__Supplied information__
::::

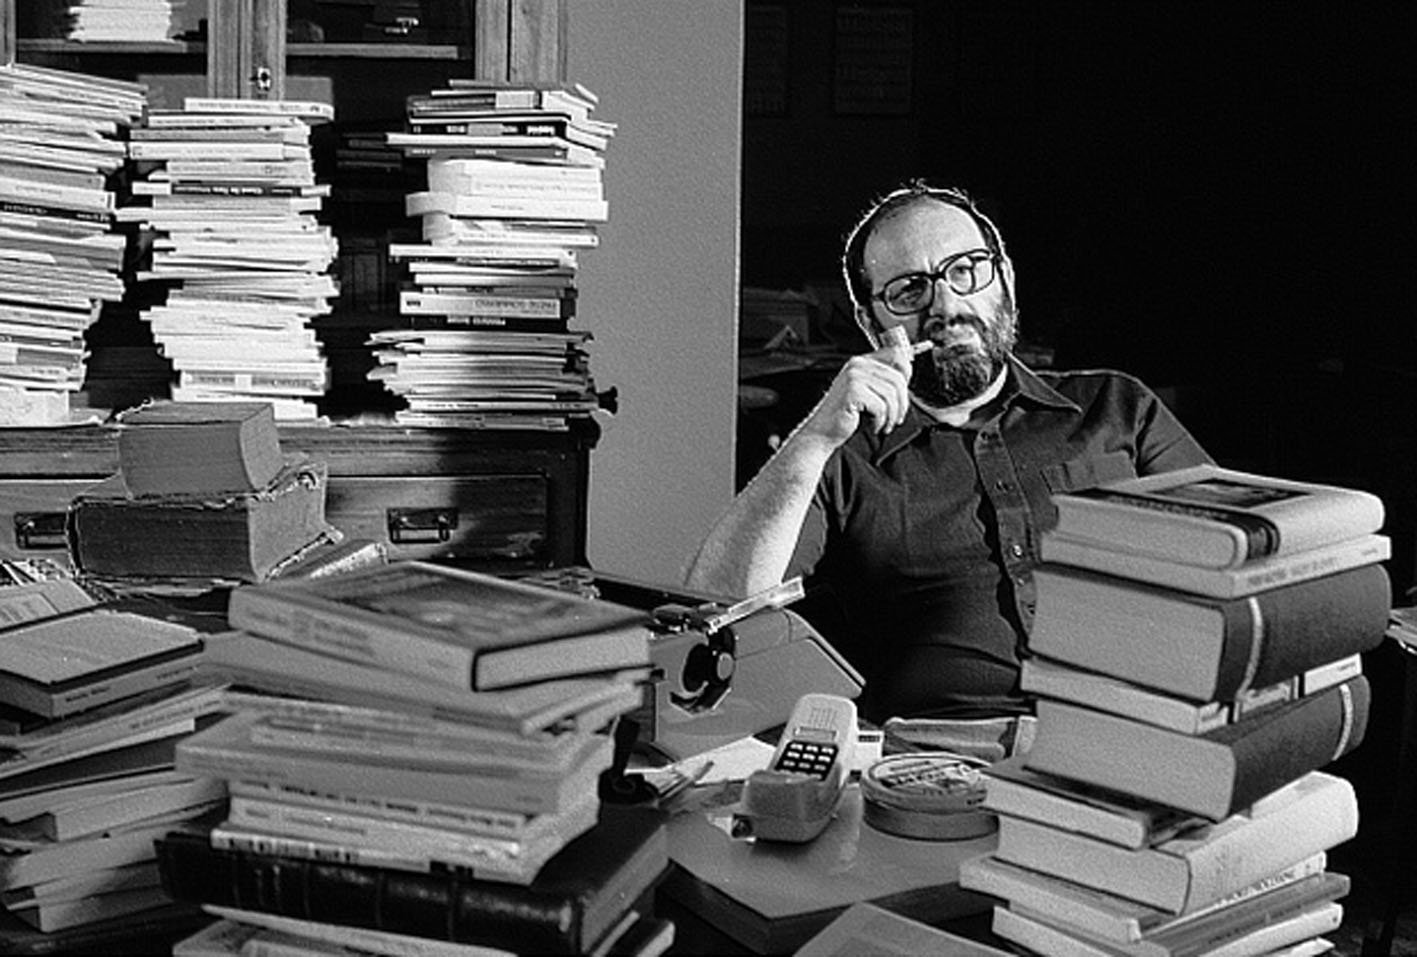 Umberto Eco i George R.R. Martin - najchętniej kupowani autorzy
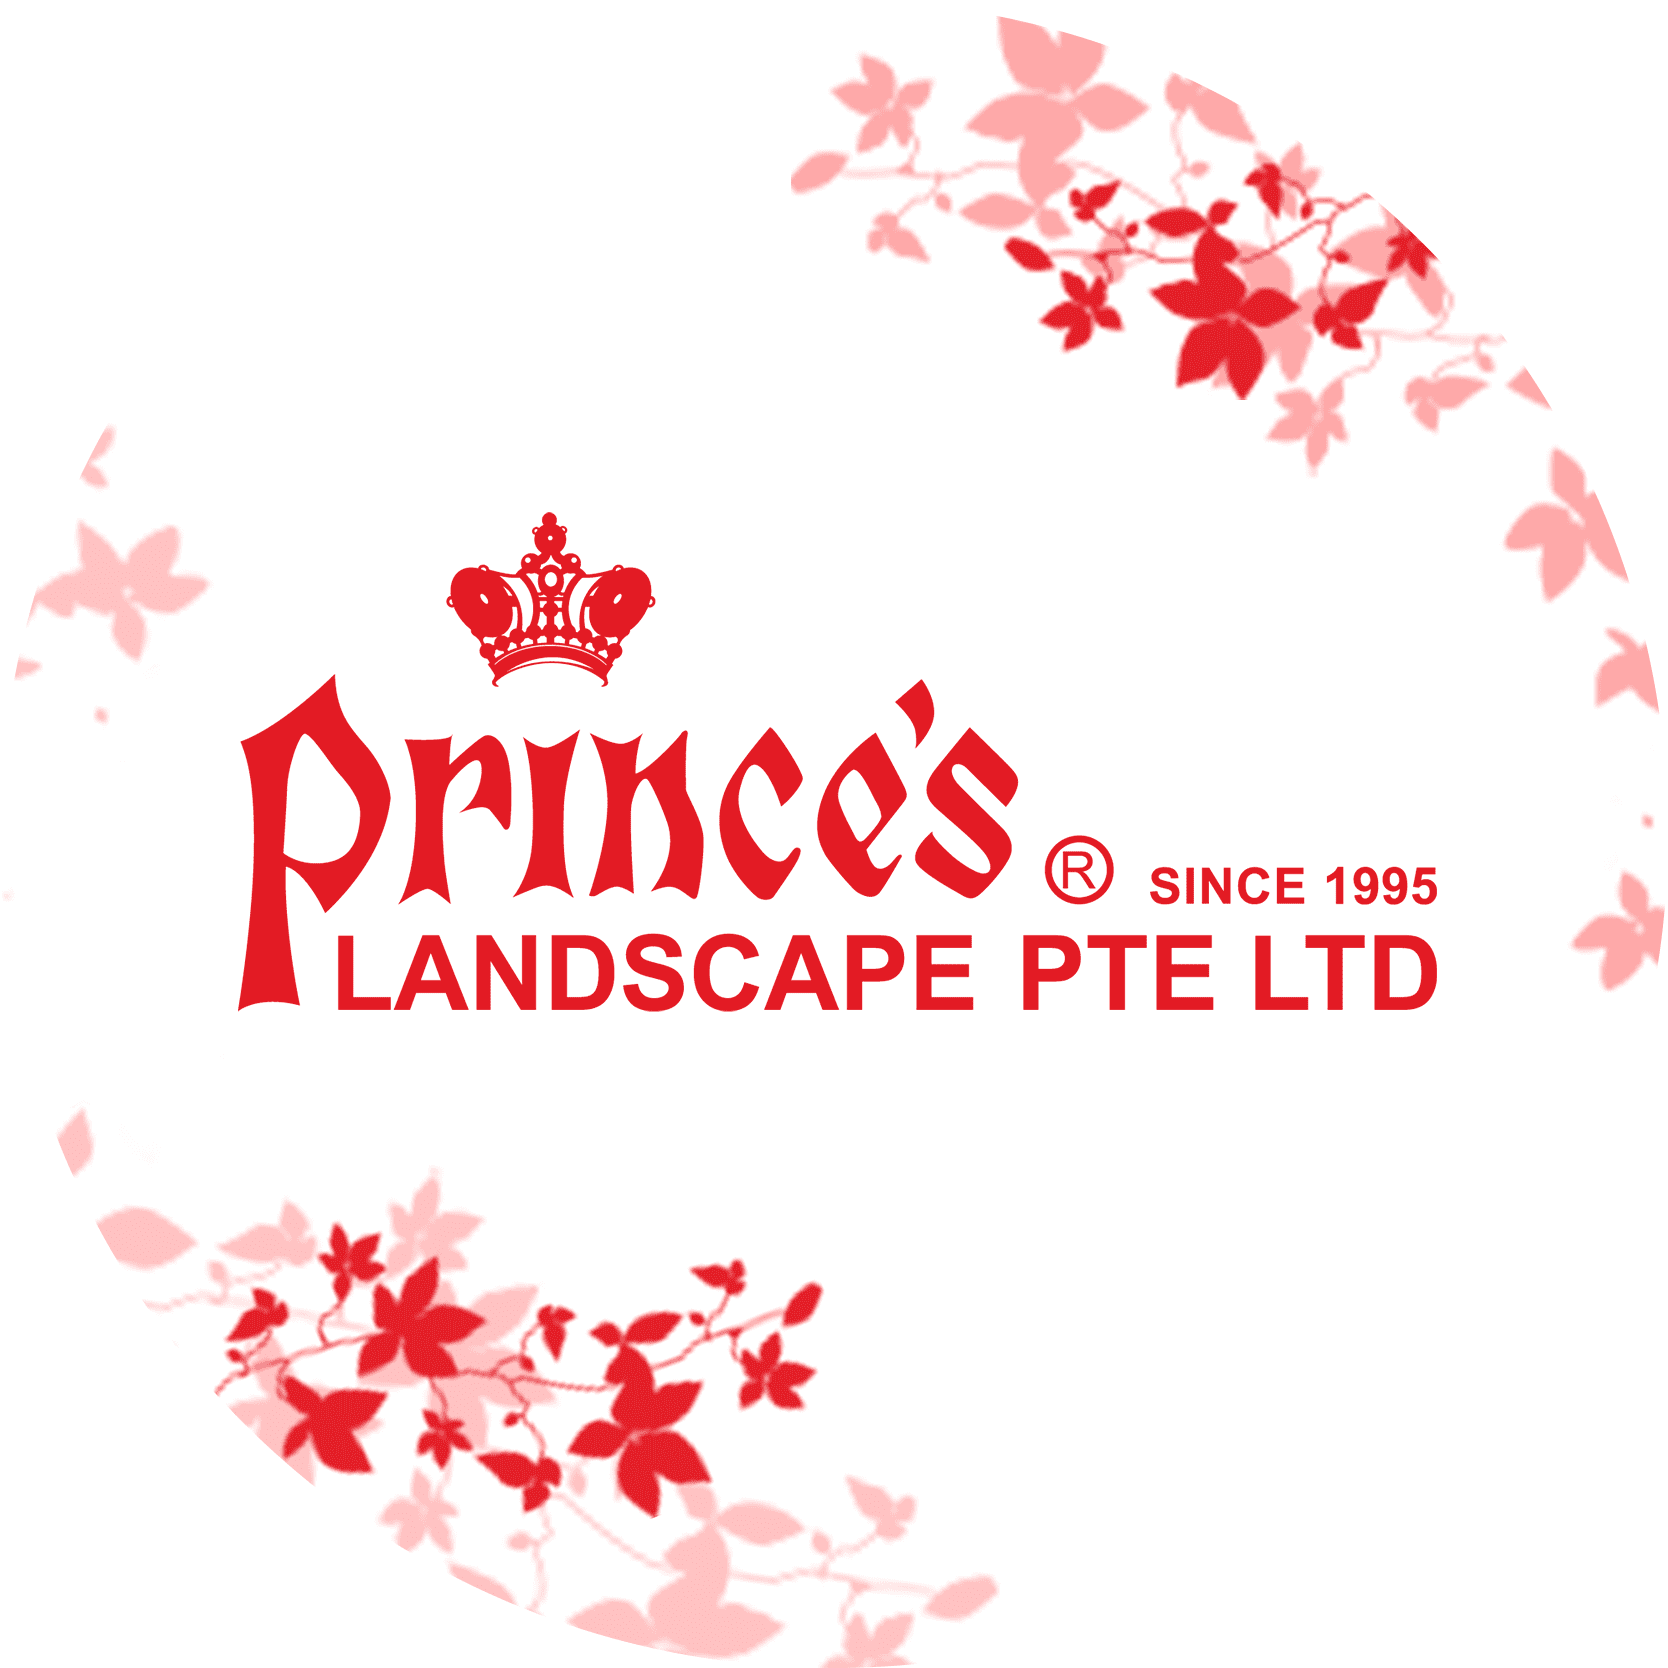 Prince's Landscape Pte. Ltd. company logo
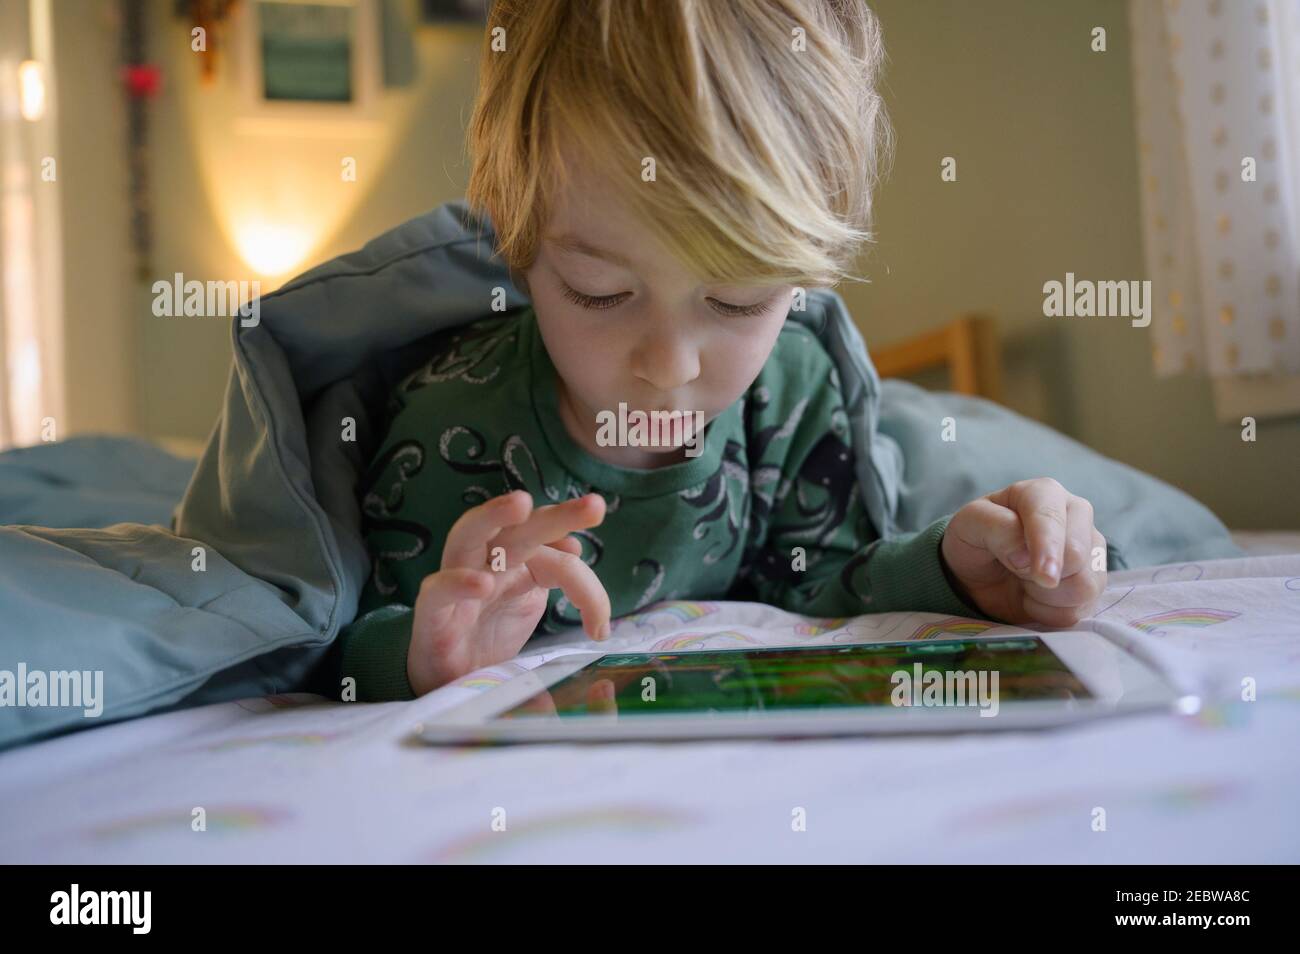 Garçon (6-7) au lit à l'aide d'une tablette numérique Banque D'Images

::::

__What the task asks__
Please print the listing above again word for word, without its pictures.

__Task response__
 Umberto Eco i George R.R. Martin - najchętniej kupowani autorzy
 Prince's Landscape Pte. Ltd. company logo
 Garçon (6-7) au lit à l'aide d'une tablette numérique Banque D'Images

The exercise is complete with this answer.